If there is only one question to remember it is this one:
Would you prefer to choose as winner a candidate against whom no one is really against or a candidate who has more supporters than opponents compared to his competitors?
Personal interpretation: In this and the next paragraph, and only in these, I give my opinion about how I interpret the results: I think that methods that promote candidates isolated from others are not the best, because the results depend more on the position of the other candidates than on those of the electors. However, it is the position of the electorate that the vote is supposed to reflect. In this way, the best voting methods are, in my opinion, those that allow electors to judge the candidates independently.
In systems that favor isolated candidates, candidates who might better reflect electors’ positions must struggle against each other, and it is this competition that allows isolated candidates to win.
Remaining work
To improve the simulation, the first thing to be done is to add other voting methods. Only seven of them have been implemented here, many others exist, and many variant of these method are also possible, giving sometimes different results.

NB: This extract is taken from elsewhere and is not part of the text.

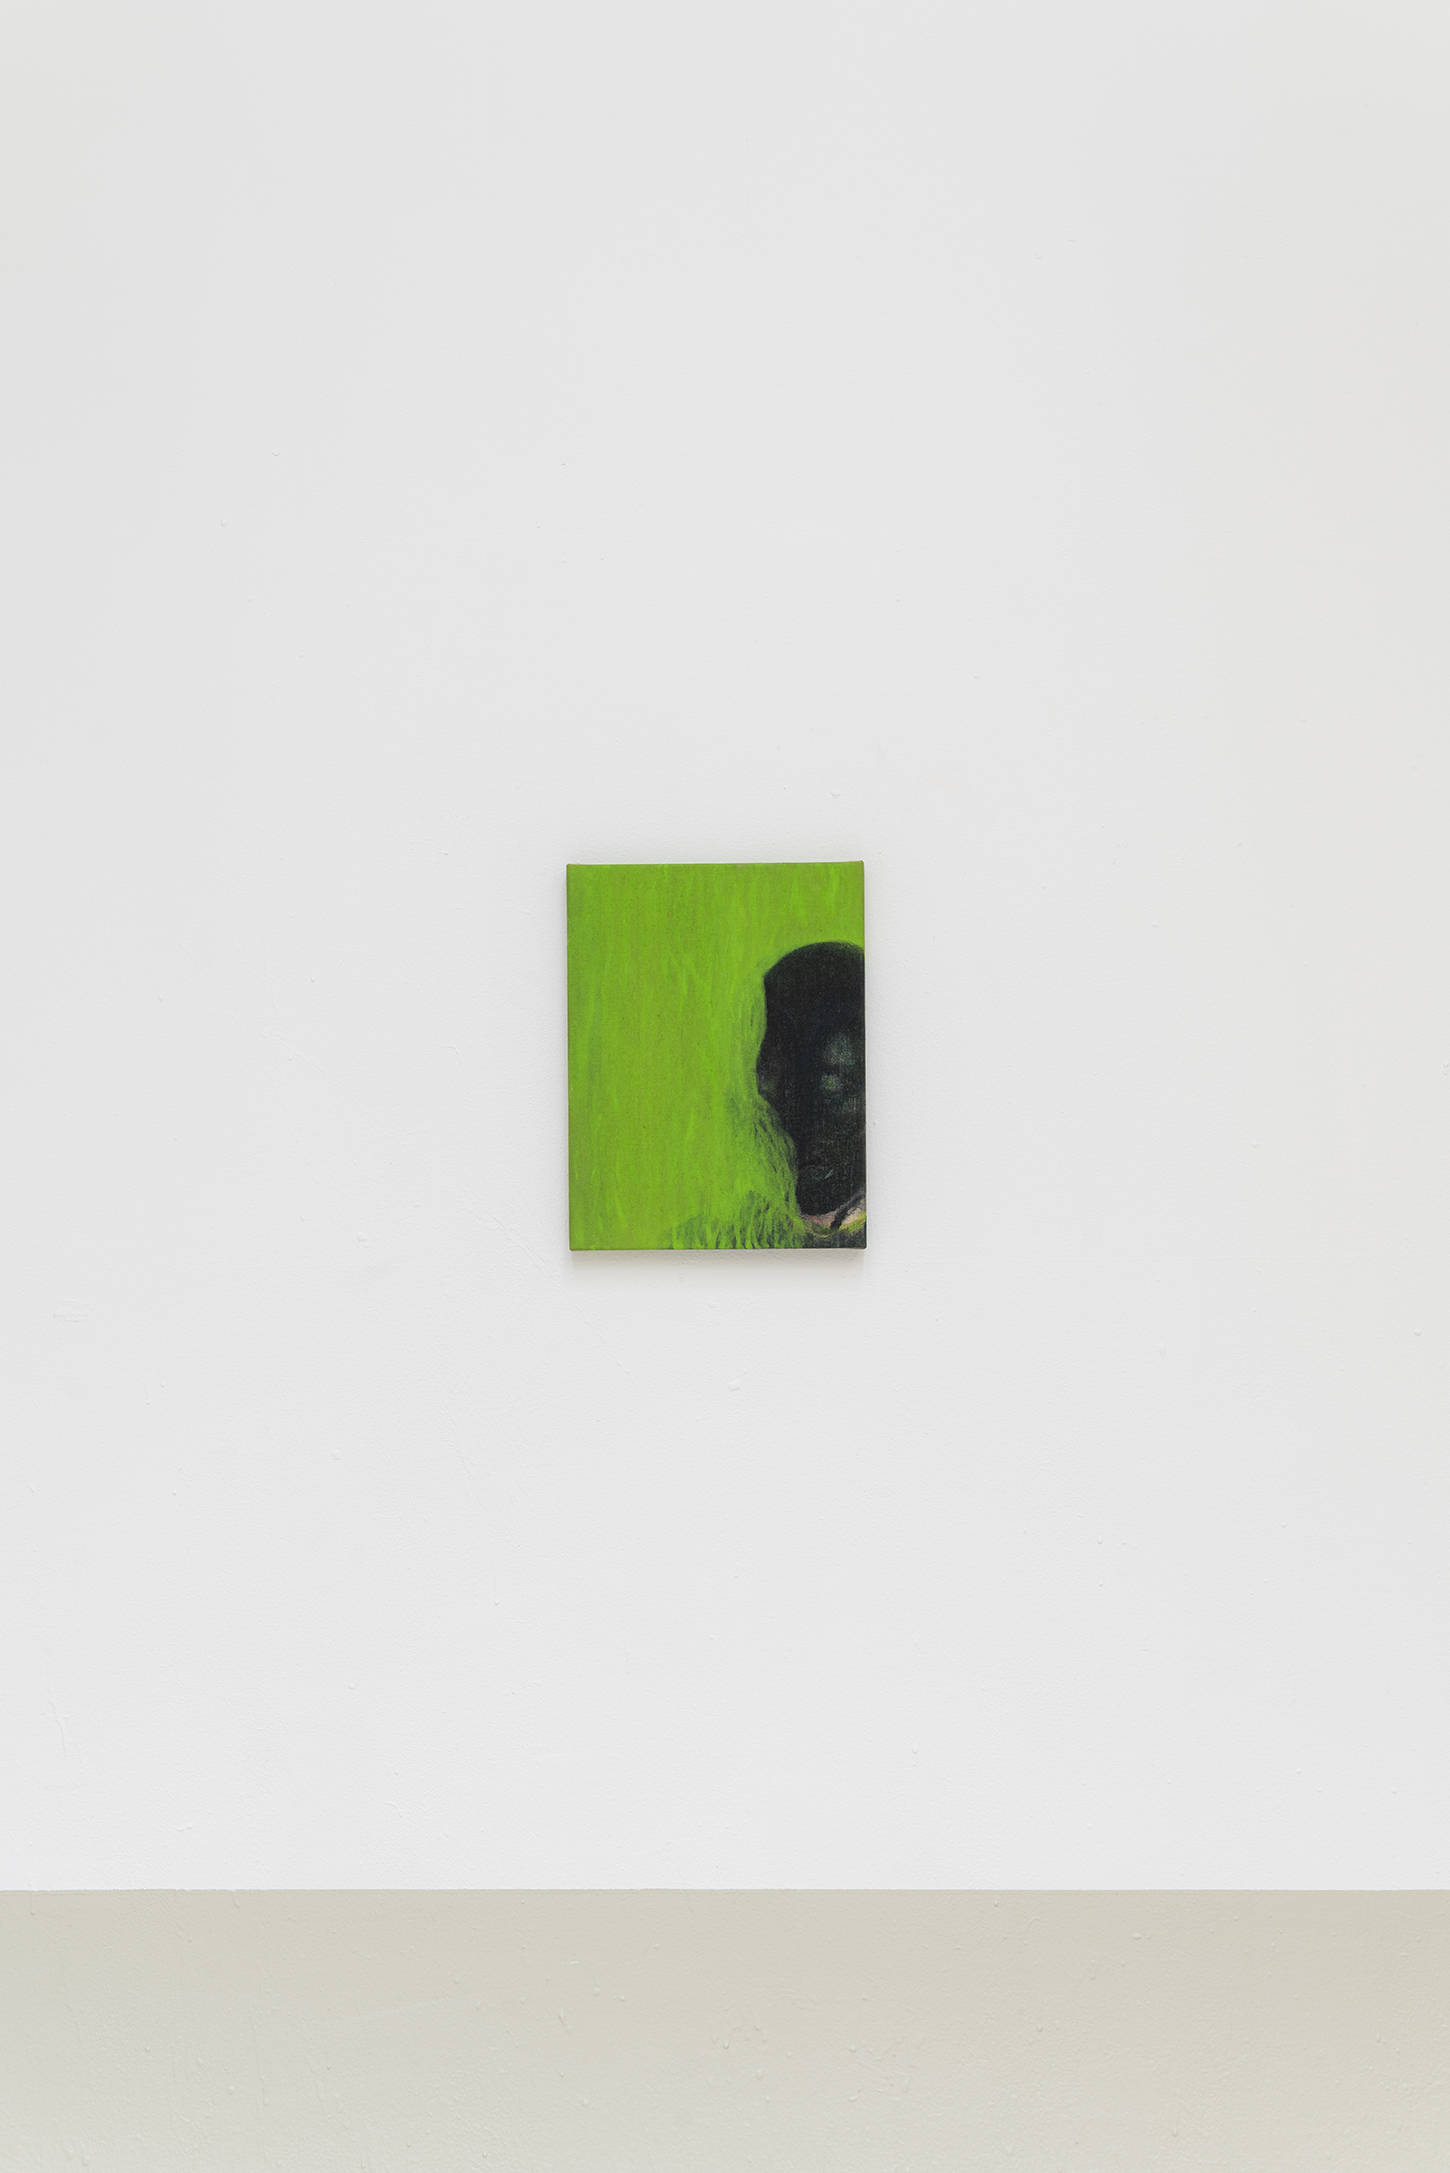 Hadrien Jacquelet, Untitled (Green), 2022-2021,  Oil on canvas, 37 x 25 cm

Once we have more voting methods implemented, it would be great to make a statistical correlation study between the methods. The idea would be to run the simulation many times and store the results in a file, and then to estimate for each pair of methods the agreement rate, that is the frequency with which the methods give the same result.
Finally, to complete this analysis, variables like distribution indicators (median, average and standard deviation, for electors and candidates) and density indicators (for electors and candidates) must be also be used to find correlations and to be able to make a rigorous conclusion on the subject of voting methods.
License
The project is a small one. The code is given to the GitHub Community for free, only under the MIT License, that is not too restrictive.